Peter Swanson has created another lively homage to classic mystery puzzles in his new novel, Nine Lives. Much like his earlier book, Rules for Perfect Murders, several of the characters recognise the new story’s parallels to Golden Age murder mysteries and this time the resemblance is to Agatha Christie’s And Then There Were None and The ABC Murders. However, Swanson gives them his own diabolical modern twists.
Nine people, strangers to each other, receive a letter containing a single sheet of paper with nine names on it in alphabetical order. The names aren’t familiar, the envelope lacks any identification. What is this? Why? And, as people would, the recipients react in predictable, but different ways. A couple ignore the letter completely, several rack their brains trying to figure out what it is and why their names are there. Ultimately, they chalk it up to some species of computer mistake. Only one views it with much suspicion. She’s a female FBI agent, and it’s her job to be suspicious.
A day or two later, when a man whose name is on the list is found dead, the keen ears of the agent’s FBI supervisor perk up. The deceased, Frank Hopkins, was a man in his 70s and owned the Windward Resort in Kennewick, Maine. If he drank a little too much and got a little hazy at times, what killed him was having his head pushed into a tidal pool where he drowned, a strange letter crumpled in his hand.
When the second victim is found shot to death, the possibility of a coincidence is too remote to contemplate. The FBI agent calls it ‘the second plane.’ On 9/11, when the first airplane hit the World Trade Centre, the shocked witnesses all thought it was a tragic accident; when the second plane hit, everyone’s assessment of the situation changed, immediately and completely.
The FBI begins a massive effort to track down the other people on the list, all but two of whom they do identify. They make sure they were recipients of the same letter, question them about the names and any connections between them, and offer police protection, which all but one of them accept. This makes no difference at all, as the next victim dies in his bed with a police officer sitting in his car in the driveway. Now you’re firmly in And Then There Were None territory.
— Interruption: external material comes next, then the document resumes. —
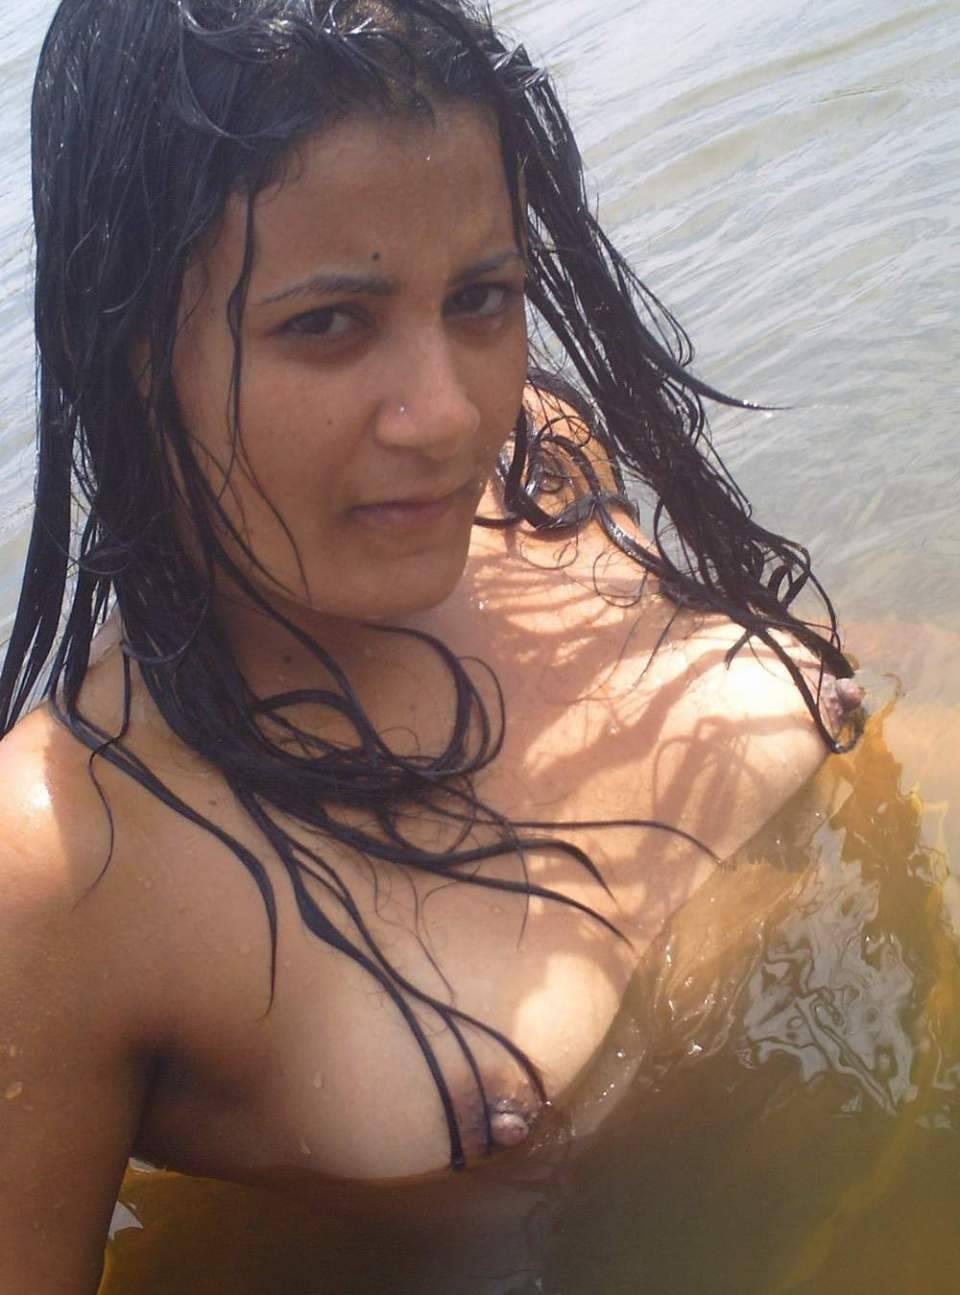 Hotgirlspussyimages porn lady

As you read the pages devoted to the stories of each of the remaining people on the ‘death list,’ as they start calling it, these characters become quite well differentiated, all interesting in their own unique ways. Hopkins and one other man are over 70, but all the rest are in their early 30s or thereabouts. They’re wildly diverse in where they live (Massachusetts, Austin, Texas, Los Angeles, New York City) and what they do (aspiring actor, singer-songwriter, college professor, kept woman – does anyone still say that? – retiree, oncology nurse). Surprisingly, for the most part, they’re not deeply frightened, even as the body count rises. In one case, two people on the list begin messaging each other, then talking via Skype, and in a few short weeks, become a couple. (Humans!)
Meanwhile, you can’t help but troll the text for clues of buried commonalities that exist among or between the letter-holders. Several of them are estranged from their parents, three are in the arts, loosely speaking. Two have cats (nine lives?). That kind of thing. Despite the lack of connections, the FBI remains convinced the list was not simply random. Something ties these people together.
You’ll likely enjoy trying to work out the puzzle Swanson lays before you. I did. Of course, one little fact has been withheld that would clinch your theory, but Swanson does provide enough information to get there without it. This book strikes me as an ideal vacation read, as it moves swiftly while retaining a light touch, despite the mayhem.